Sunday, September 23, 2007

Mortgage refinancing tax trap

Business Week ran a column on a mortgage interest deduction rule that piqued my interest. The interesting parts:

In general, the IRS lets you deduct 100% of the interest you pay on one or more home mortgages, up to a total loan value of $1 million. But when you refinance and withdraw cash, the rules change: Only the interest on your original mortgage balance, plus an additional $100,000, qualifies for a deduction. (If you want to take out more cash, use a home-equity loan or line of credit. The law allows a separate deduction for interest on borrowings of up to $100,000.)

[...]

Here's how the refi tax trap works. Let's say you borrowed $500,000 at 8% in 1998 to buy your house. By 2003, the house had appreciated substantially and the mortgage balance had been whittled down to $450,000. Then you refinanced, taking a new loan of $650,000 at 6%. At tax time, Form 1098 would show that you forked over about $39,000 in interest on the $650,000 mortgage in 2003.

[...]

If you use that $39,000 figure to calculate your annual mortgage interest deduction and you're in the 33% marginal tax bracket, you would wind up taking $1,980 more in deductions than you're entitled to, according to William Lazor, a CPA at Kronick Kalada Berdy in Kingston, Pa. That's because you may take a deduction on a mortgage of only $550,000—the $450,000 left on the original loan plus $100,000. On $550,000, the interest paid would be $33,000, says Lazor.

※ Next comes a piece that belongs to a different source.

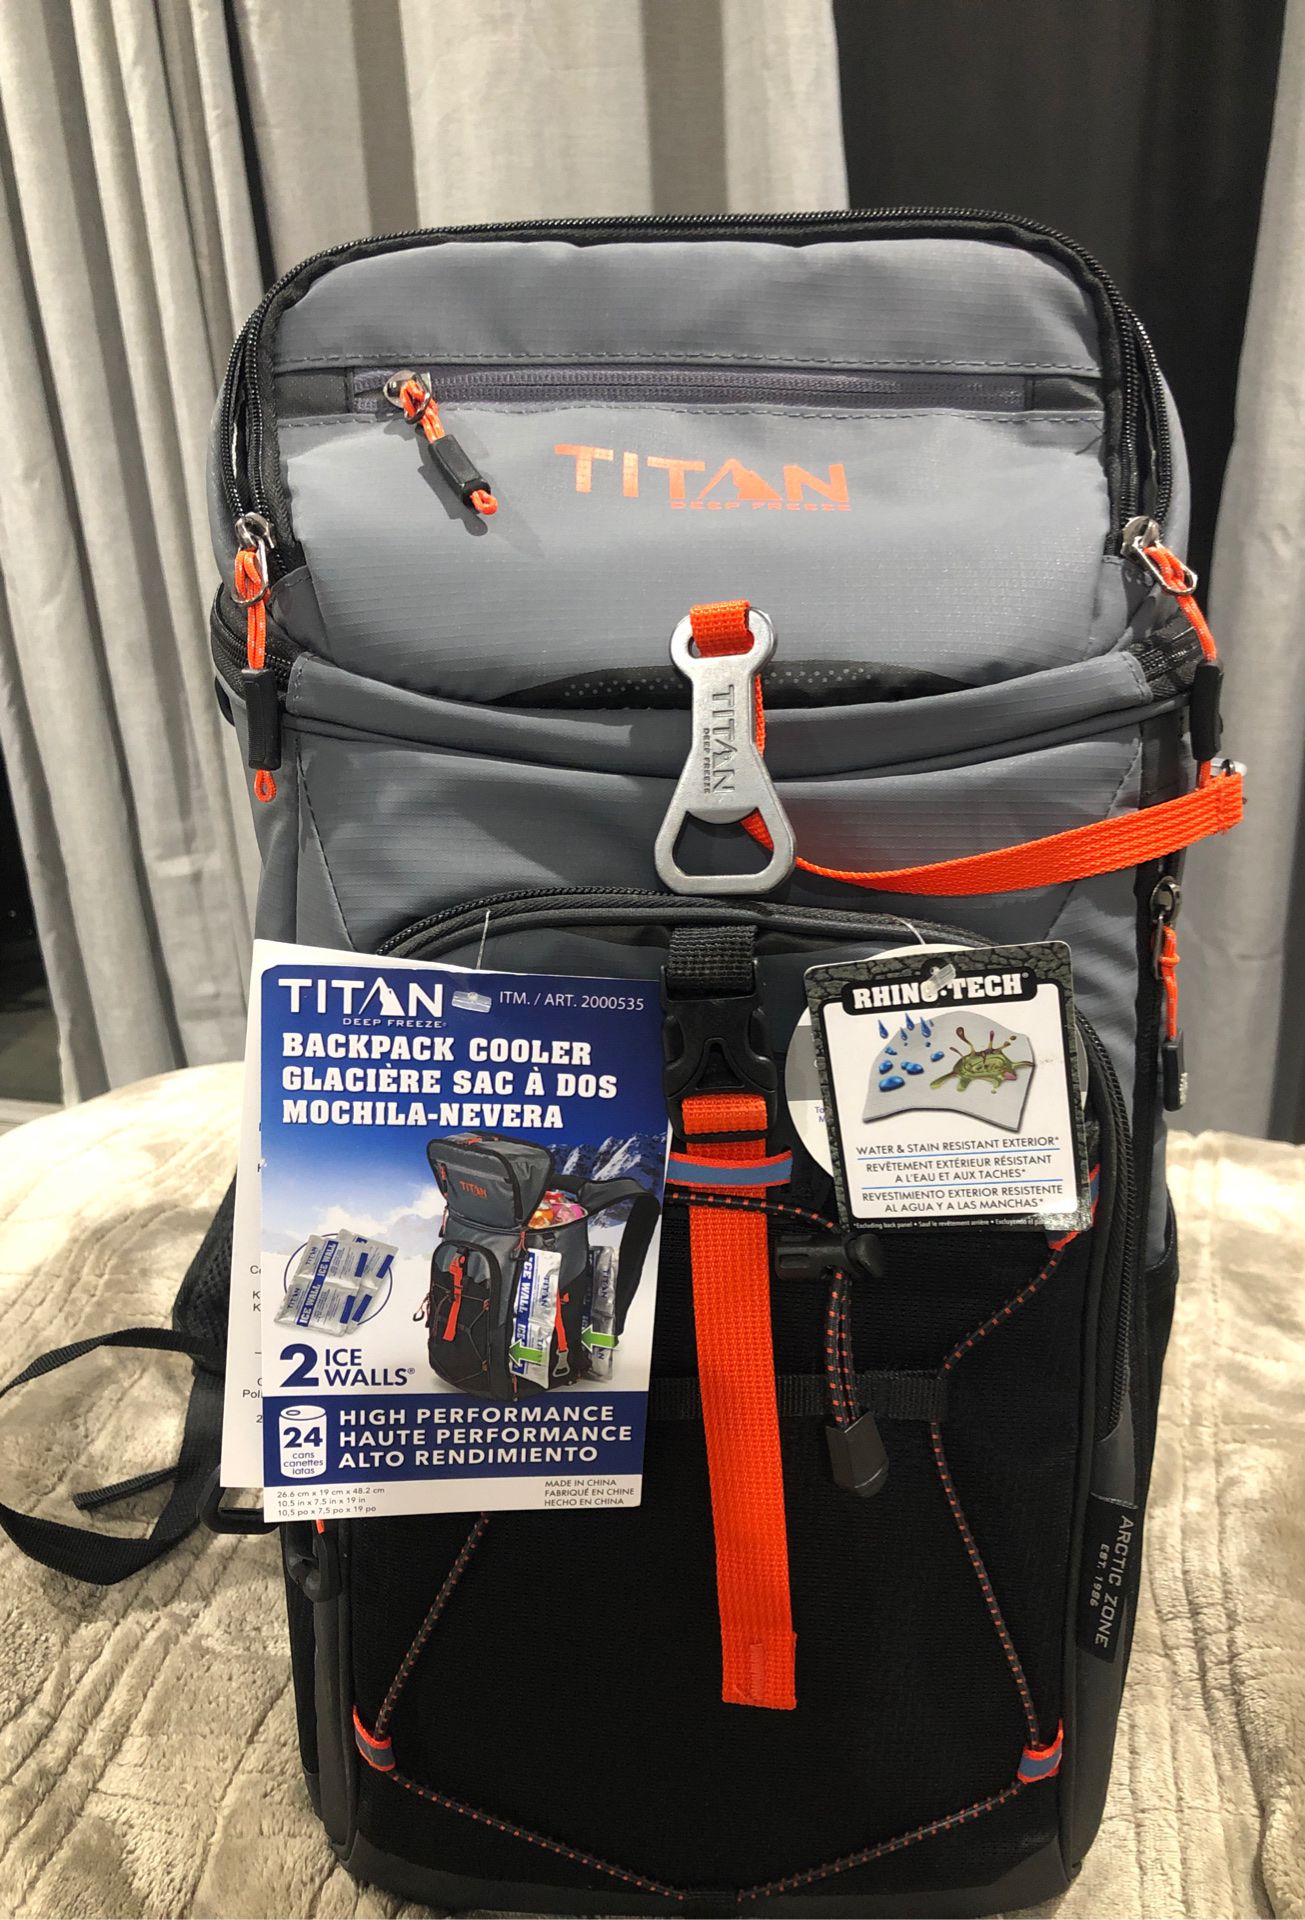 Titan deep freeze backpack cooler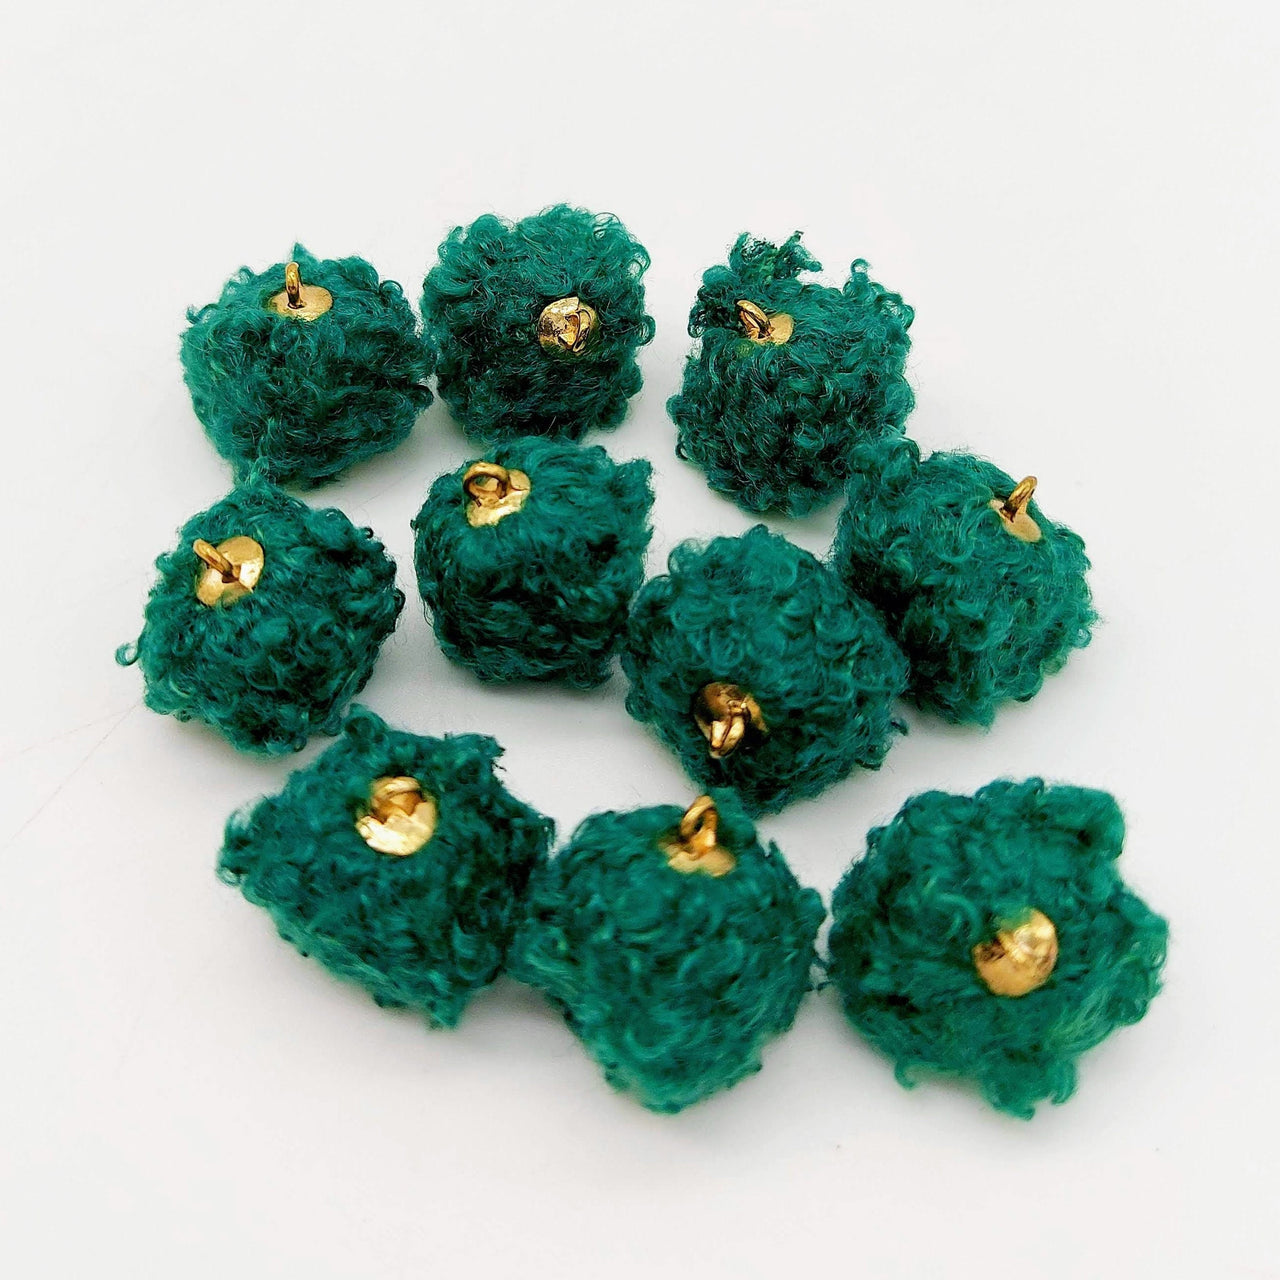 Green Fur Fabric Ball Tassel, Button with Ring Cap, Decorative Tassels

I did some further looking into this by reading IRS Publication 936. It says that any secured debt that's used to refinance home acquisition debt is treated as home acquisition debt. However, the new debt will qualify as home acquisition debt only up to the amount of the balance of the old mortgage principal just before the refinancing. Any additional debt is not home acquisition debt, but may qualify as home equity debt.

My reading of this publication is that in the example from the article, the $450,000 is the home acquisition debt, and the $100,000 is the home equity debt ($100,000 is the maximum home equity debt you can deduct interest on). I'm a little confused on the first paragraph I quoted, where it implies that the $100,000 in the refinance PLUS a separate $100,000 in another home equity loan can both have their interest expenses deducted. I'll try to contact the author for clarification.

Update:
I was able to get in touch with the article author, and she graciously replied to me. She says that the explanation given in the article was confirmed with several tax experts. I'll continue to research this to prove it to myself.